Gage Park

Neighborhoods just northeast of Midway International Airport – Brighton Park, Gage Park and Archer Heights – provided a landing ground for Poles, Italians, Russian Jews, Czechs, Lithuanian and other European immigrants in the early 20th century.

At one time, the Polish community in Chicago was the largest outside of Warsaw. Recognizing this large Polish population, Pope John Paul II visited a heavily Polish parish in Brighton Park in 1979. It was the first visit by a pope to Chicago, and only the second time a pope had come to the United States.

Archer Heights, whose name belies its flat topography, is known for its modest, well-kept homes, along with an active industrial base that provides manufacturing jobs.

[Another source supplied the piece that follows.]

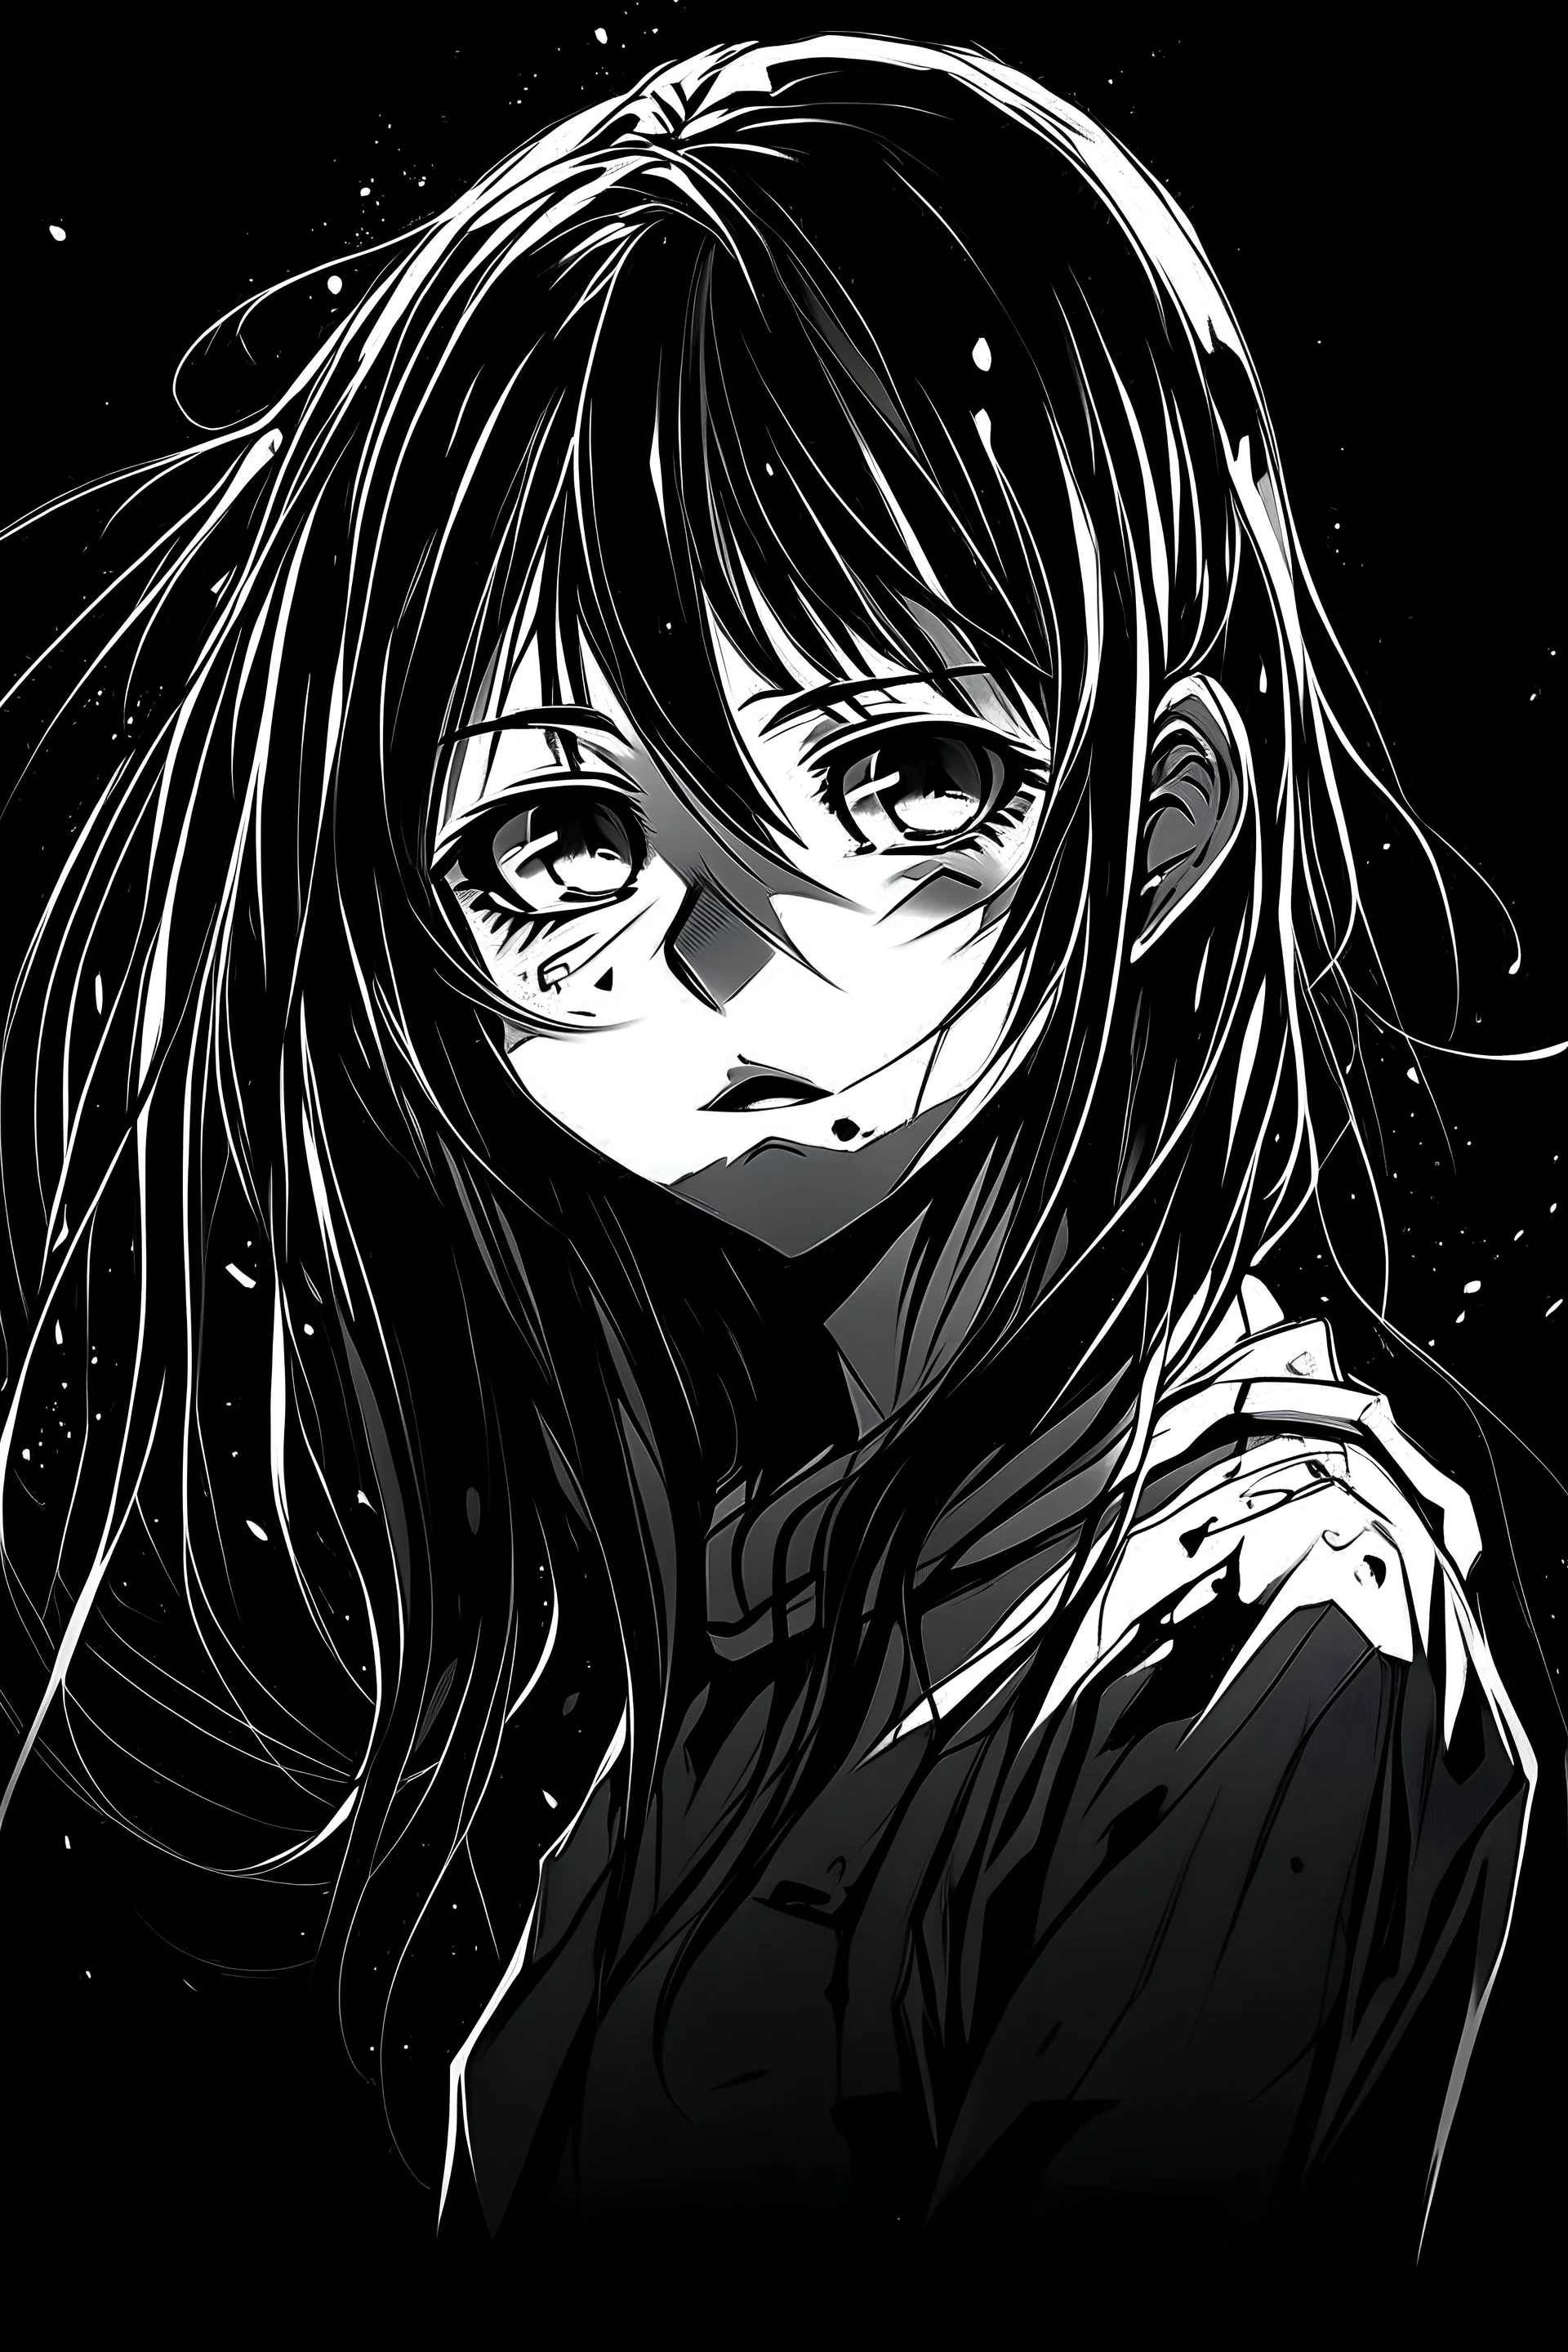 Disfigured anime girl in white and black background, cool aesthetic manga illustration, distorted anime girls, broken sad anime girls, teen anime girls, breakcore, sleep deprived, with eyebags

Today, continuing the tradition of creating a welcoming home for immigrants, St. Gall Catholic Church in Gage Park is dedicated to serving and uniting the immigrant and non-immigrant communities. Many St. Gall parishioners are immigrants from Mexico, now the fastest-growing segment of the area’s population.

St. Gall Catholic Church

St. Gall Catholic Church, at 5511 South Sawyer Ave in Gage Park, established in 1900, has seen waves of immigrants build Gage Park over the last 115 years. The parish places focus on serving the needs of immigrants.

UNO Soccer Academy

UNO Soccer Academy, a soccer-oriented charter school at 5050 South Homan Avenue, has brought sleek modern architecture and a progressive view of education to Gage Park.

Gage Park

Gage Park, at 55th Street and South Western Avenue, provides the area with almost 30 acres of green space.

The DuPont-Whitehouse mansion

The DuPont-Whitehouse mansion, an Italianate house at 3558 South Artesian Avenue in Brighton Park, has a past steeped in gunpowder. Built in 1875 as a home to the superintendent of the DuPont de Nemours & Company explosives plant near 36th Street and South Western Avenue, the house once stood adjacent to the plant. It was moved to this address from its original site in 1920.

Five Holy Martyrs Catholic Church

On October 5, 1979, Pope John Paul II visited Chicago; due to its large Polish congregation, he made Brighton Park part of his itinerary. At Five Holy Martyrs Catholic Church, 4327 South Richmond Street in Brighton Park, the Pope conducted an open-air mass in Polish.